Von organisierten Strukturen der Kriminalität geht eine große Gefahr für unser Gemeinwesen aus. Straftäter können nur zur Rechenschaft gezogen werden, wenn ihnen Straftaten individuell nachgewiesen werden können. Dies fällt aber bei Familienclans mit vielen kriminell aktiven Straftätern immer schwerer. Der Staat muss einen immer höheren Aufwand betreiben, um das Strafrecht in diesem Bereich durchzusetzen.

Institut der Vermögensabschöpfung muss nachgeschärft werden

Mit der Vermögensabschöpfung besteht seit fünf Jahren die verbesserte Möglichkeit, Straftätern die Früchte ihres kriminellen Handelns wieder abzunehmen. Obwohl es auch hier noch Luft nach oben gibt. Der Bundesgesetzgeber hat sich bislang nicht getraut, eine vollständige Beweislastumkehr gesetzlich vorzuschreiben. Zu groß waren seine verfassungsrechtlichen Bedenken, weil substanziell in den Rechtsgrundsatz der Unschuldsvermutung eingegriffen werden müsste.

Weil der Bundesgesetzgeber hier nur halbherzig gehandelt hat, besteht für die Clans immer noch die Möglichkeit, sich auskömmlich durch Straftaten zu finanzieren.

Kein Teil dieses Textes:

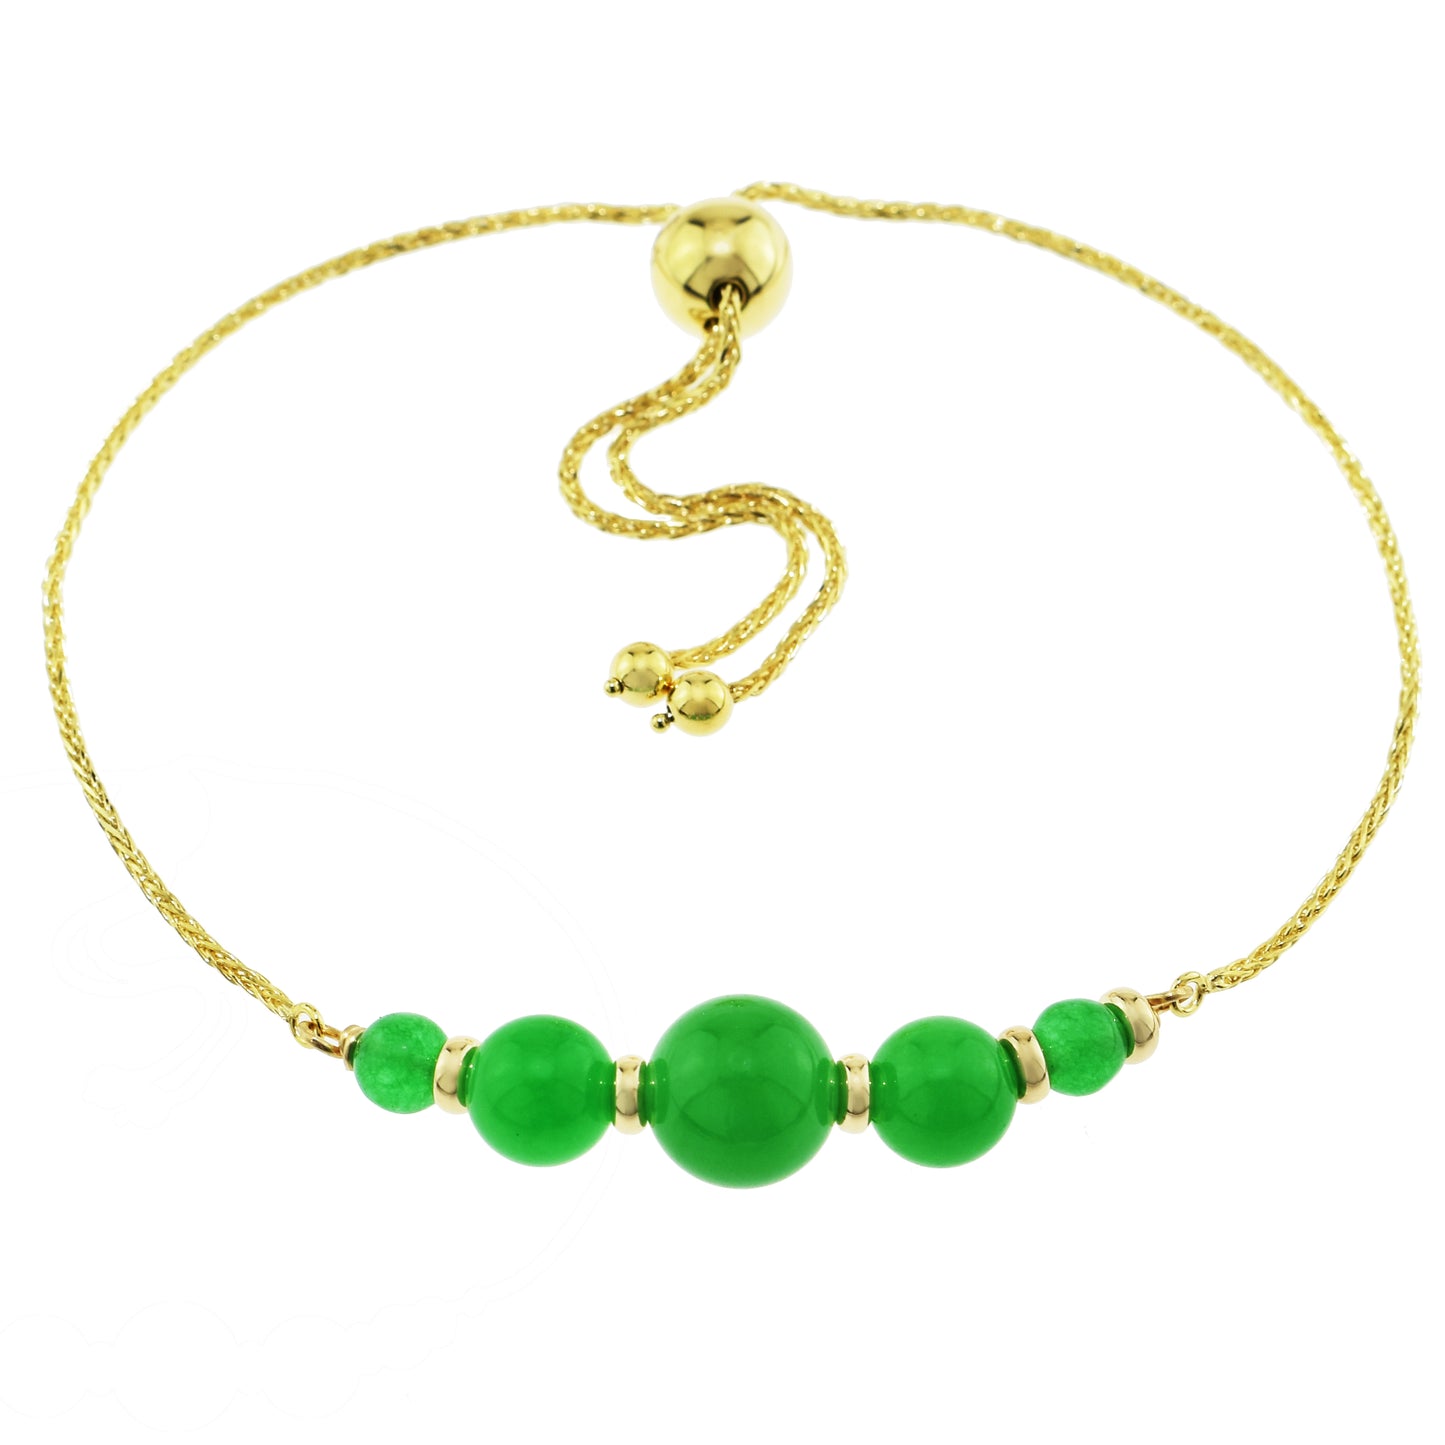 14k Adjustable Bracelet Black Onyx or Green Jade 9.75"

Wir sollten uns in dieser Hinsicht ein Beispiel an Italien nehmen. Erst als dort die Beweislastumkehr realisiert war, gab es eine realistische Möglichkeit, erfolgreich gegen die Mafia vorzugehen.

Ein Verdächtiger, der über Vermögenswerte verfügt, die mit seinem regulären Einkommen kaum finanzierbar wären, muss im Fall der vollständigen Beweislastumkehr nachweisen, dass diese Werte nicht mit Erträgen aus Straftaten erworben worden sind. Kann dieser Beweis nicht geführt werden, erfolgt die die Einziehung dieser Vermögenswerte.

Derzeit sind 113 Familienclans in NRW aktiv

Der Rückgang der Straftaten ist zwar ein Segen für die Gesellschaft, doch muss gerade im Bereich der organisierten Kriminalität von einer beträchtlichen Dunkelziffer ausgegangen werden. Erpressung von Schutzgeldern, bandenmäßig organisierter Wirtschafts- und Sozialhilfebetrug, Rauschgiftdelikte und Internetkriminalität gelten als Wachstumsmärkte für organisierte Kriminelle.

Gegenwärtig werden von der Polizei und den Sonderermittlern insgesamt 113 Familienclans dem Clan-Milieu zugerechnet und deren Angehörige speziell verfolgt, wenn sie einer Straftat verdächtigt werden. Allein diese Zahl belegt die Bedeutung, die dieser Kriminalitätsbereich zwischenzeitlich einnimmt.

Man muss der schwarz-gelben Landesregierung zugestehen, dass sie die Gefahr der Clan-Kriminalität für unser Gemeinwesen erkannt und ohne ideologische Scheuklappen gehandelt hat. Aber auch künftig wird der Staat große Kräfte bündeln müssen, um diesen Kriminalitätsbereich unter Kontrolle zu halten und ihm rechtsstaatliche Konsequenz entgegen zu stellen.